It’s been a particularly bad few weeks for Google’s artificial intelligence team. First, the company suspended Gemini’s image generation capabilities after it generated insensitive and historically inaccurate images. Whether it was a byproduct of intentional algorithm tweaks or simply a reflection of the early state of Google’s model, the incident caused public embarrassment. It hammered Alphabet’s stock price again (at least temporarily) and even forced co-founder Sergey Brin to make a rare admission that the company “screwed up.”
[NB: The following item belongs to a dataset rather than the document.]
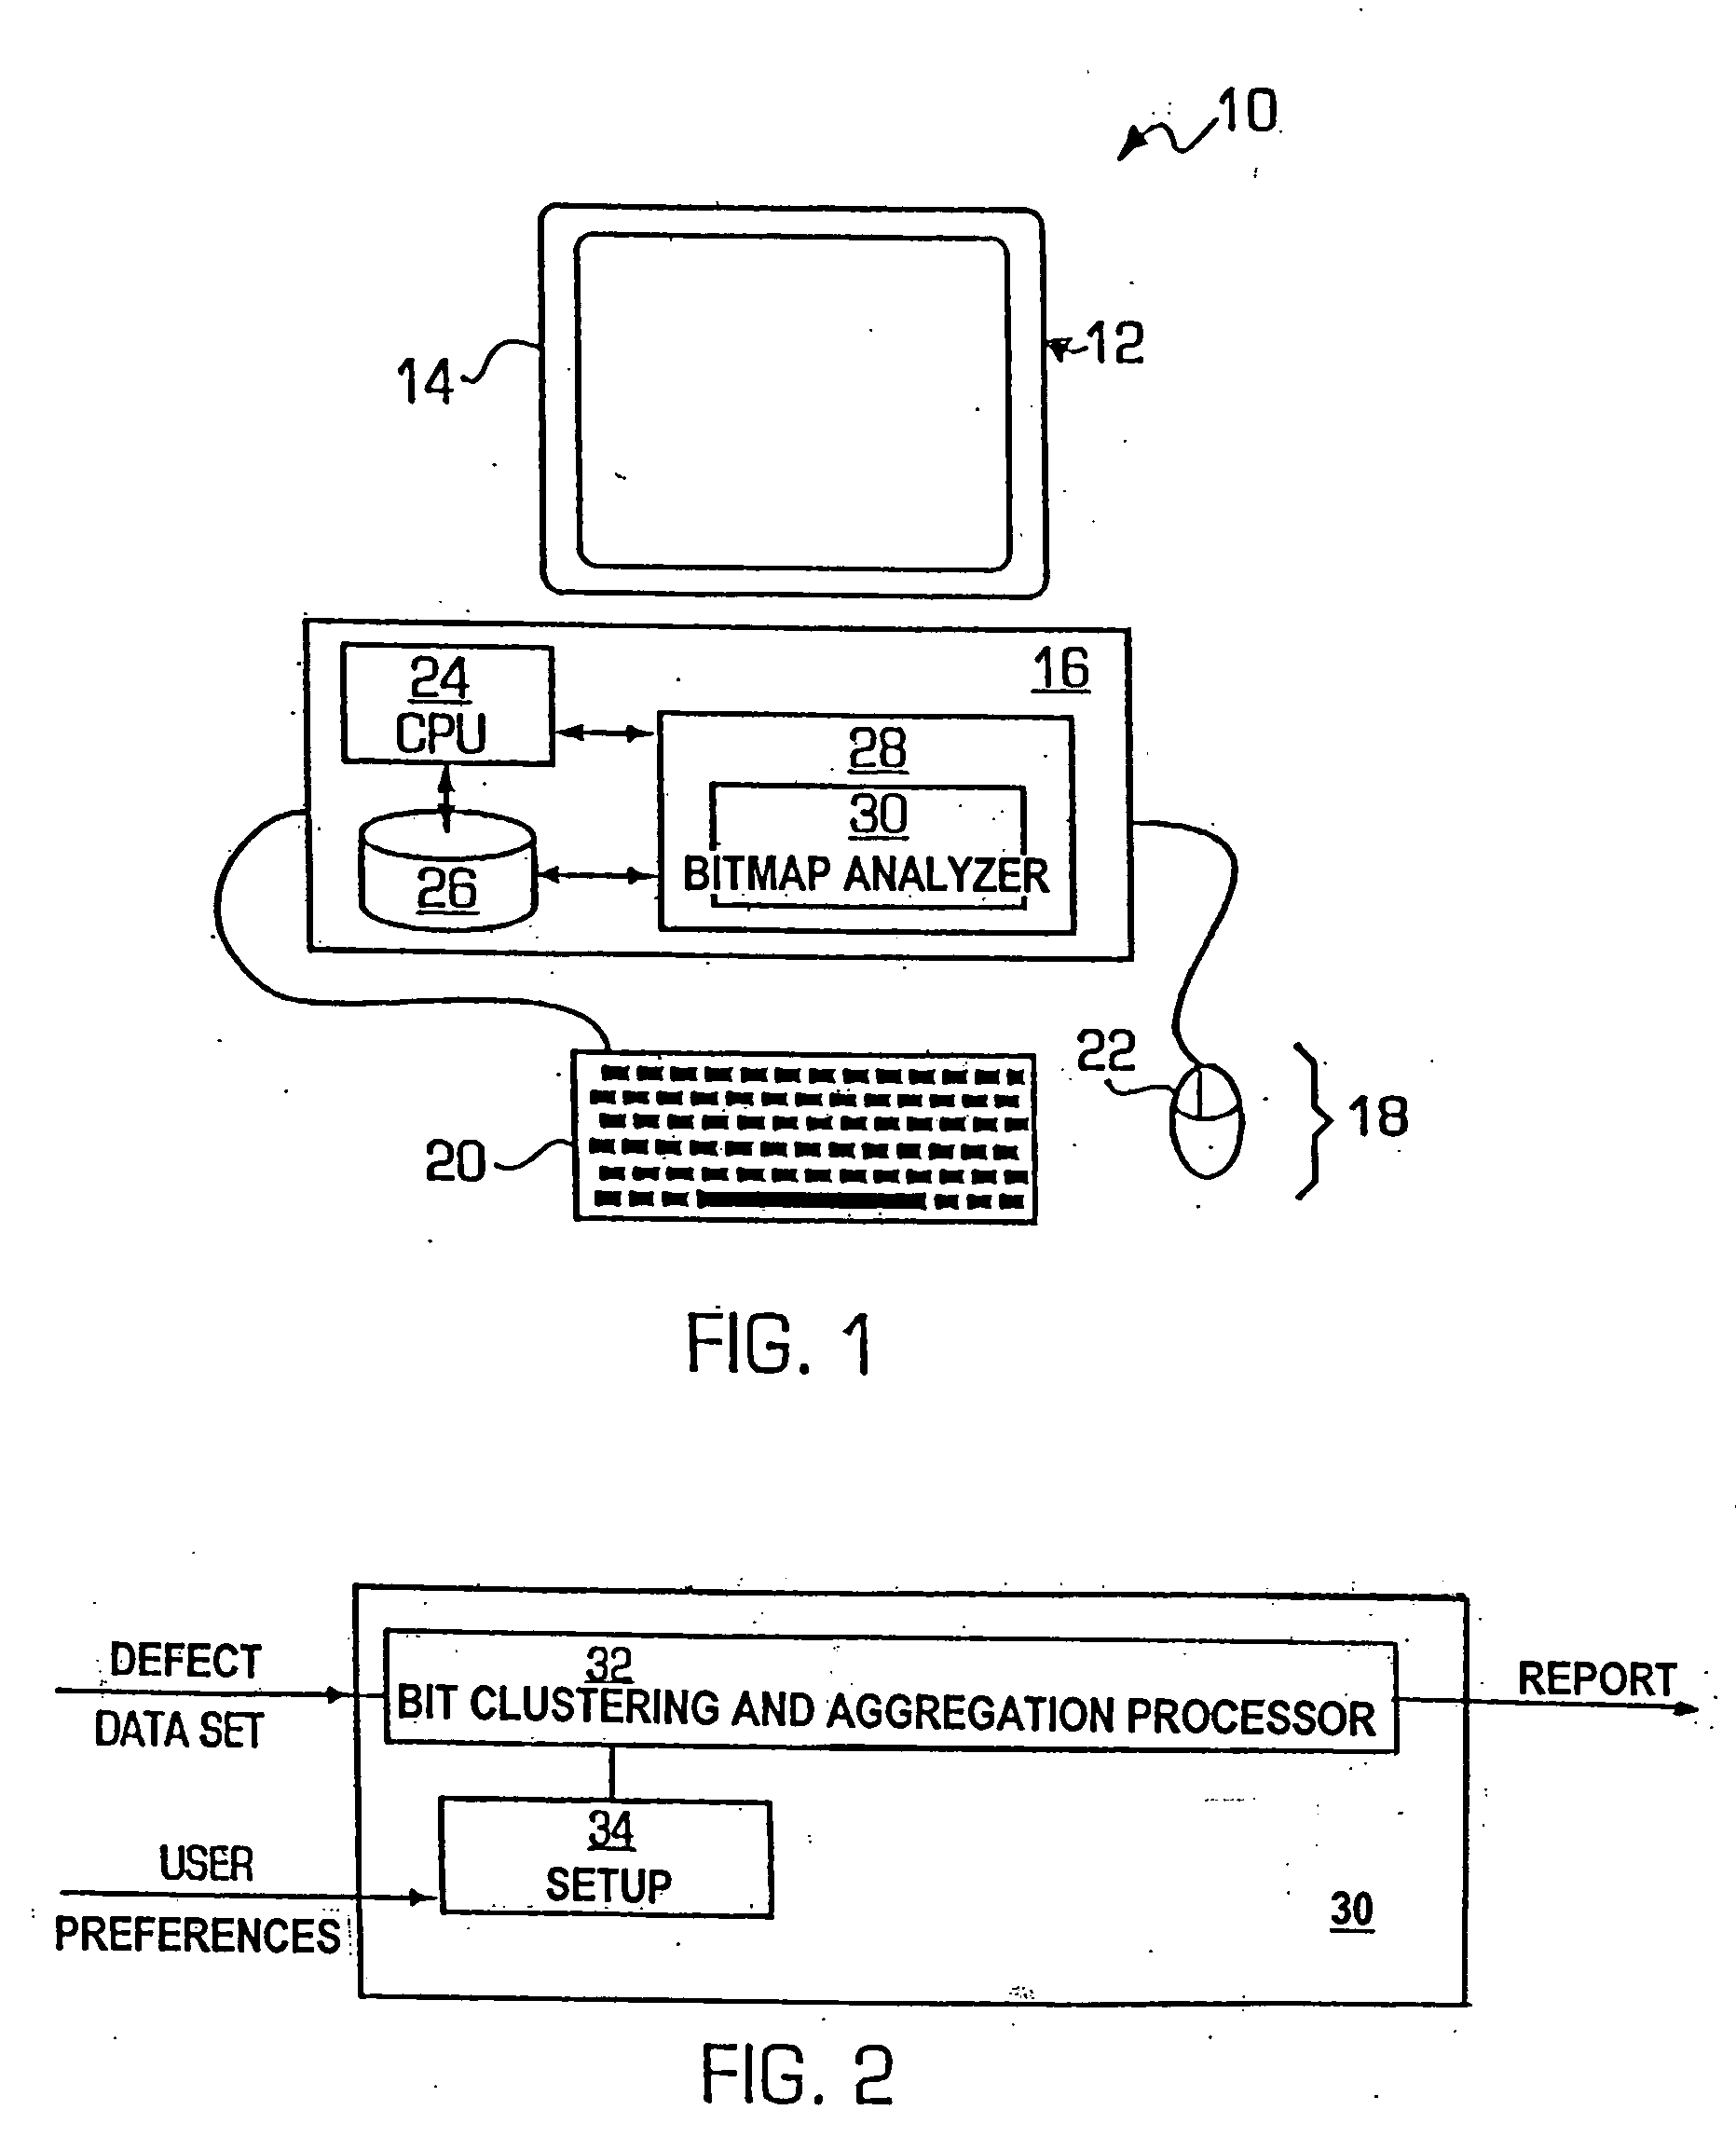 Bitmap cluster analysis of defects in integrated circuits

Controversial image generation and the abandonment of the Pixel 8 are just the latest casualties in Google’s AI craze.
Google soon followed suit, revealing that its affordable flagship Pixel 8 smartphone will not receive the Gemini Nano large language model currently used on the top-tier Pixel 8 Pro phone (not to be confused with the Gemini app that replaces Assistant). Two smartphones billed as the future of consumer artificial intelligence, both citing unclear “hardware limitations” — and both seven years old — are now on two distinct trajectories. Even worse for Pixel 8 owners, the Gemini Nano will be coming to phones from other manufacturers as well.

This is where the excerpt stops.